On lamb markets, again China is key. The latest export data shows that 55% of NZ sheepmeat volumes are headed to China and this dependency will not easily be resolved through proactive attempts to diversify our market mix. As with beef, much will depend on the Chinese government's approach to Covid-19, with sheepmeat consumption far more reliant on the ailing foodservice channel than is the case for other proteins such as beef and pork.
The UK lamb market remains incredibly challenging given the overall environment in which our customers are operating. Uncertainty is the general theme in conversations with market participants, as they look ahead to a difficult six months. In both the UK and Europe, businesses are not just slowing down but shutting down as they reel under the escalating cost of energy, and consumers are trading down or away from relatively expensive New Zealand lamb. European foodservice operators are starting to feel the impact of economic pressures as the summer season fades in the rear-view mirror and winter looms on the horizon.
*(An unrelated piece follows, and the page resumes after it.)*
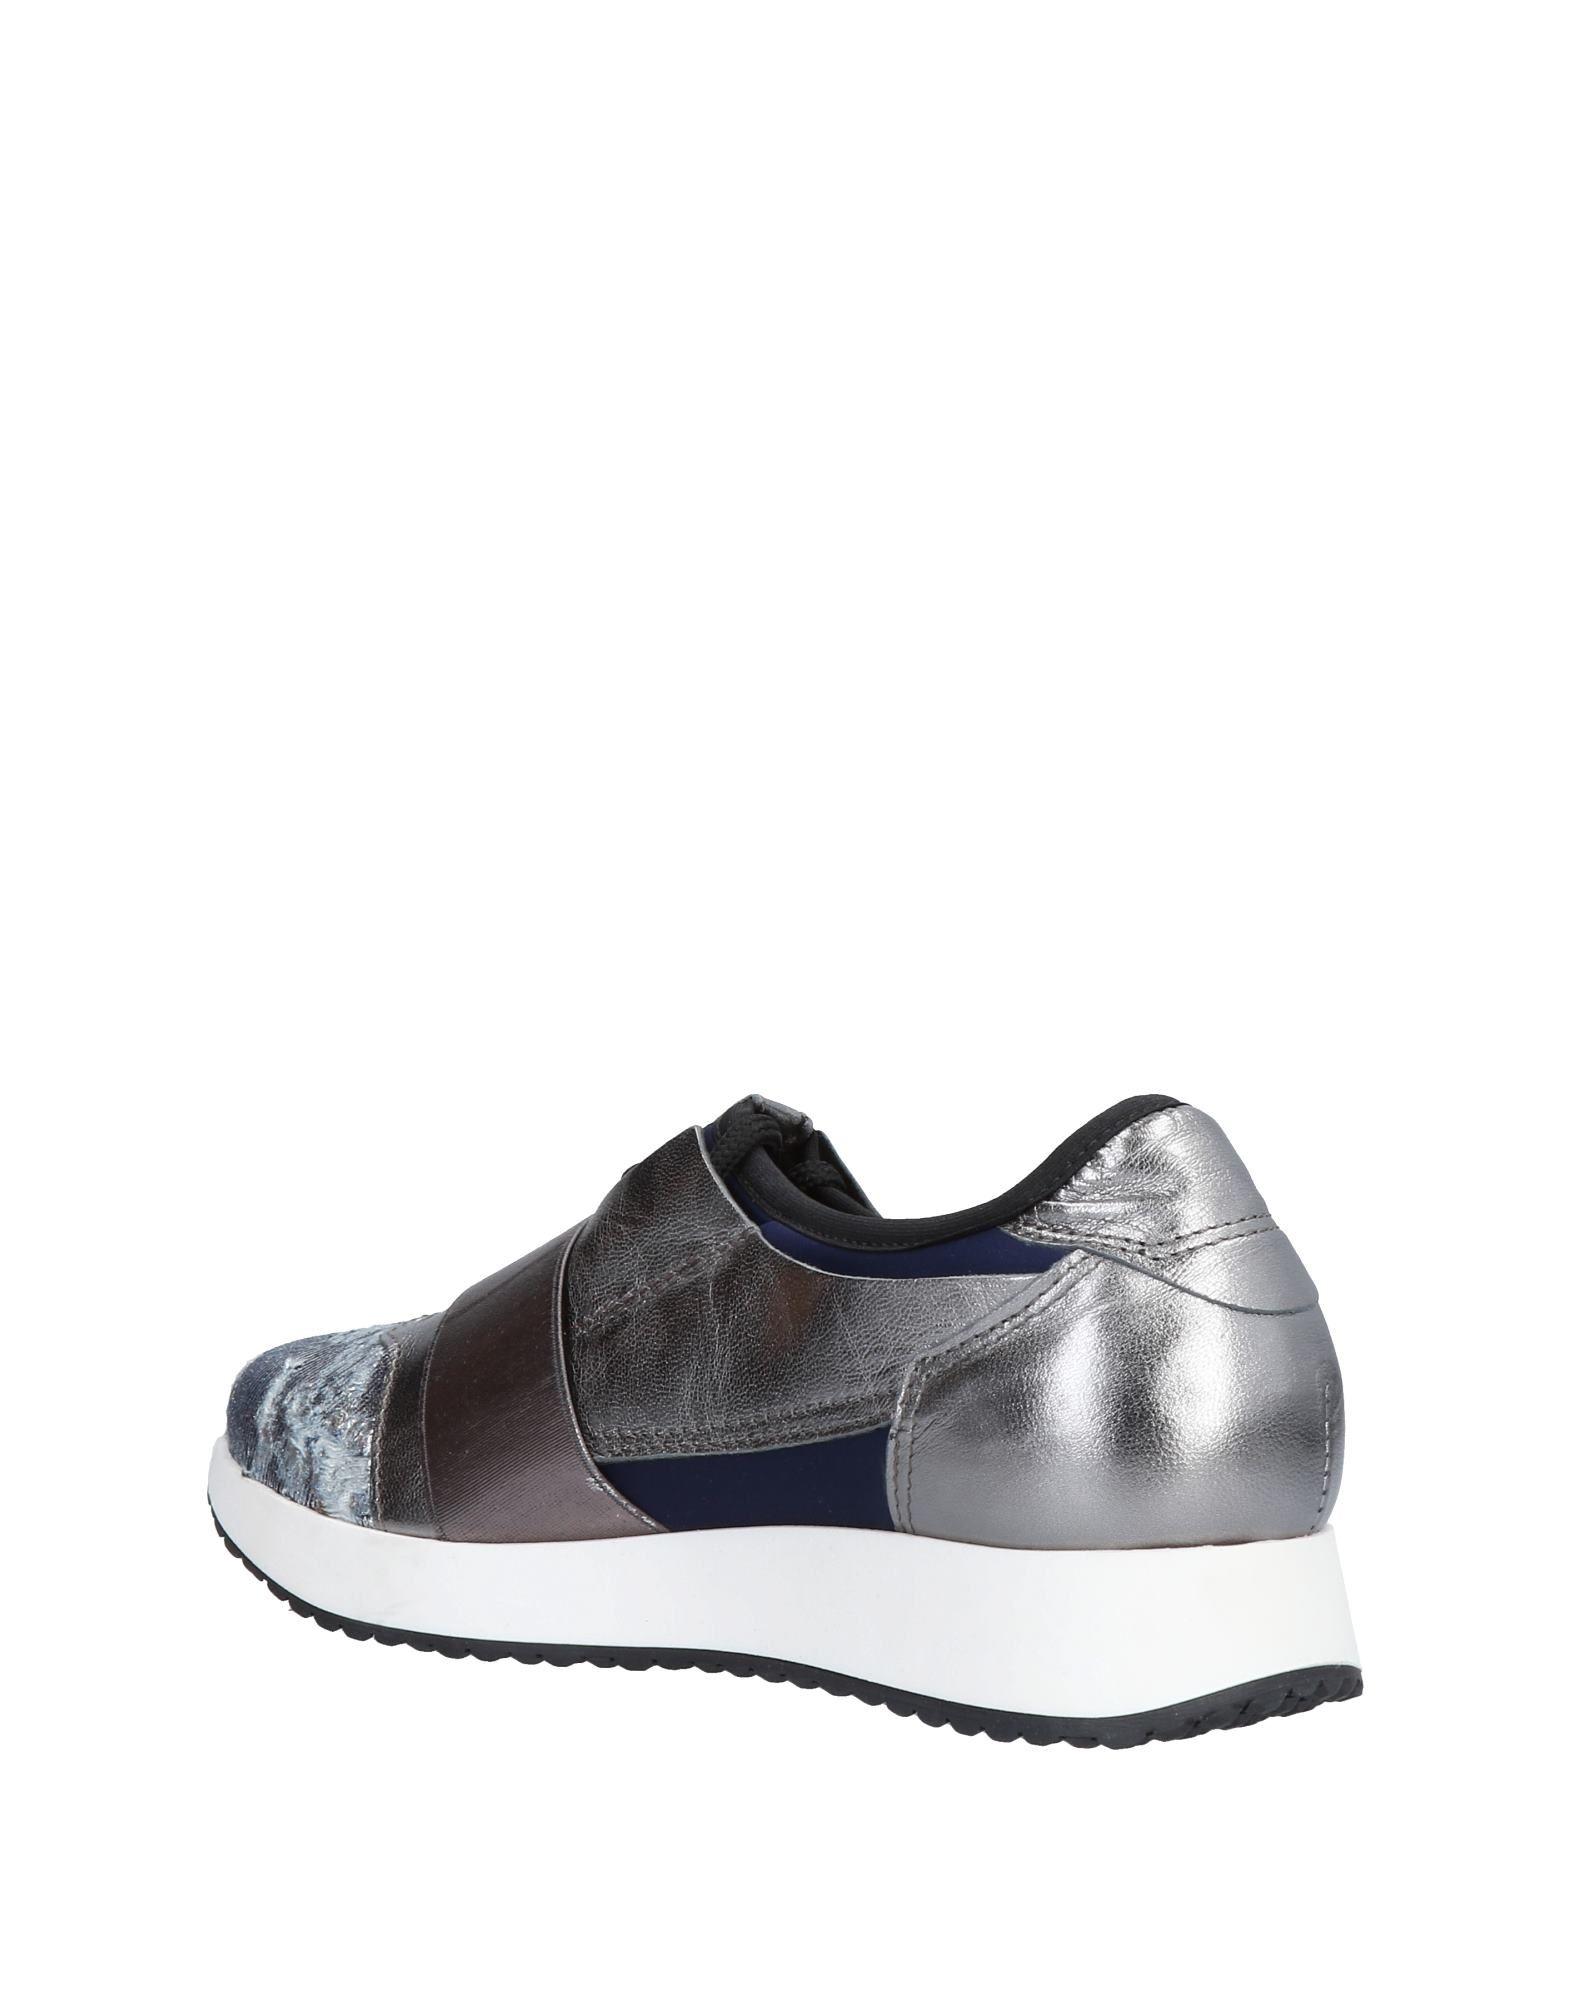 Geneve Sneakers Damen Damen Sneakers  11470284FH 854053

Likewise, lamb sales into Japan have been poor of late, with retailers struggling under the pressure of a devaluing yen and increasing costs of doing business. Our customers in the important Hokkaido foodservice market are signalling cautious optimism for the end of year, which is one positive sign to hang our hats on.
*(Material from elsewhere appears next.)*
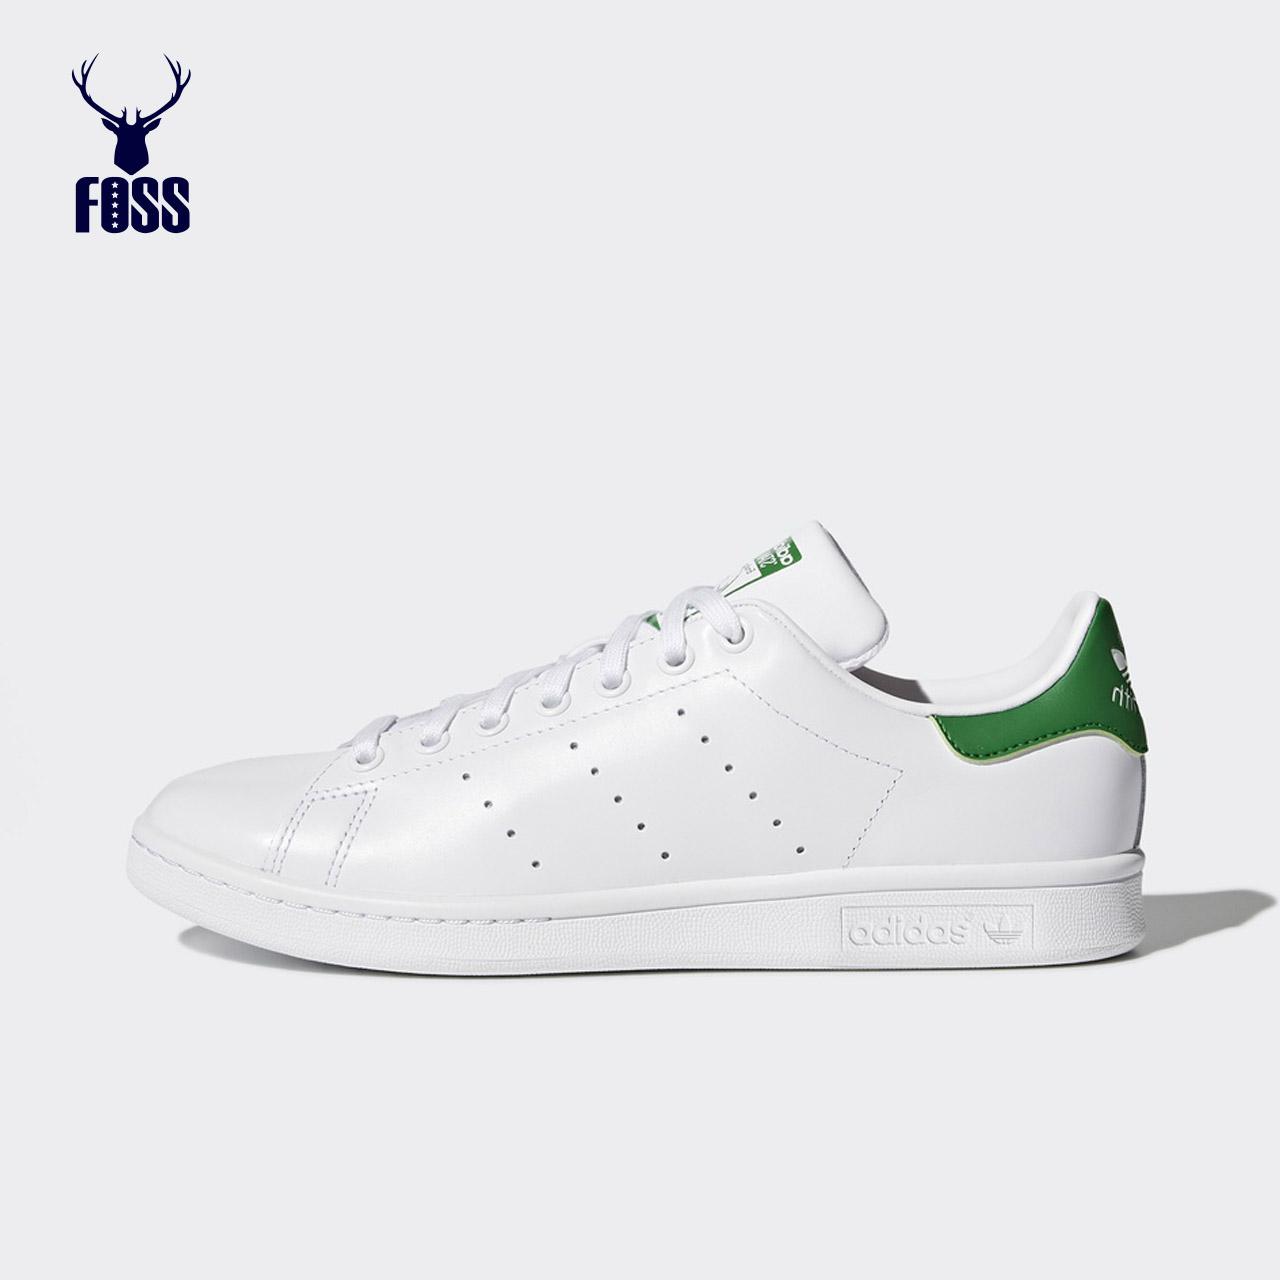 adidas 阿迪达斯 三叶草 Stan Smith 史密斯绿尾板鞋M20324

Currency is currently our saviour. A weak NZD benefits NZ exporters. A frozen beef price into the US today of circa US$2.60/lb at an exchange rate of 57c is essentially the same return as a price of US$3/lb price at 65c. However, the benefits of a weak currency are easily offset by the cost of inputs and raw materials imported into New Zealand for use within our business and yours. It can also make it more difficult for our customers to absorb market prices, even if they are well down on levels seen during the past 12 months in USD terms. The current seasonal ebb in livestock has also been a useful buffer to market volatility in recent weeks, however that too will be short-lived as the main season kicks into gear and throughput increases at our plants across New Zealand. This will put further onus on how we manage our inventory position, supply chains, and our customer mix across global markets.
All-in-all, a challenging start to the new season, but one that the industry has dealt with many times before and which we will no doubt work our way through yet again.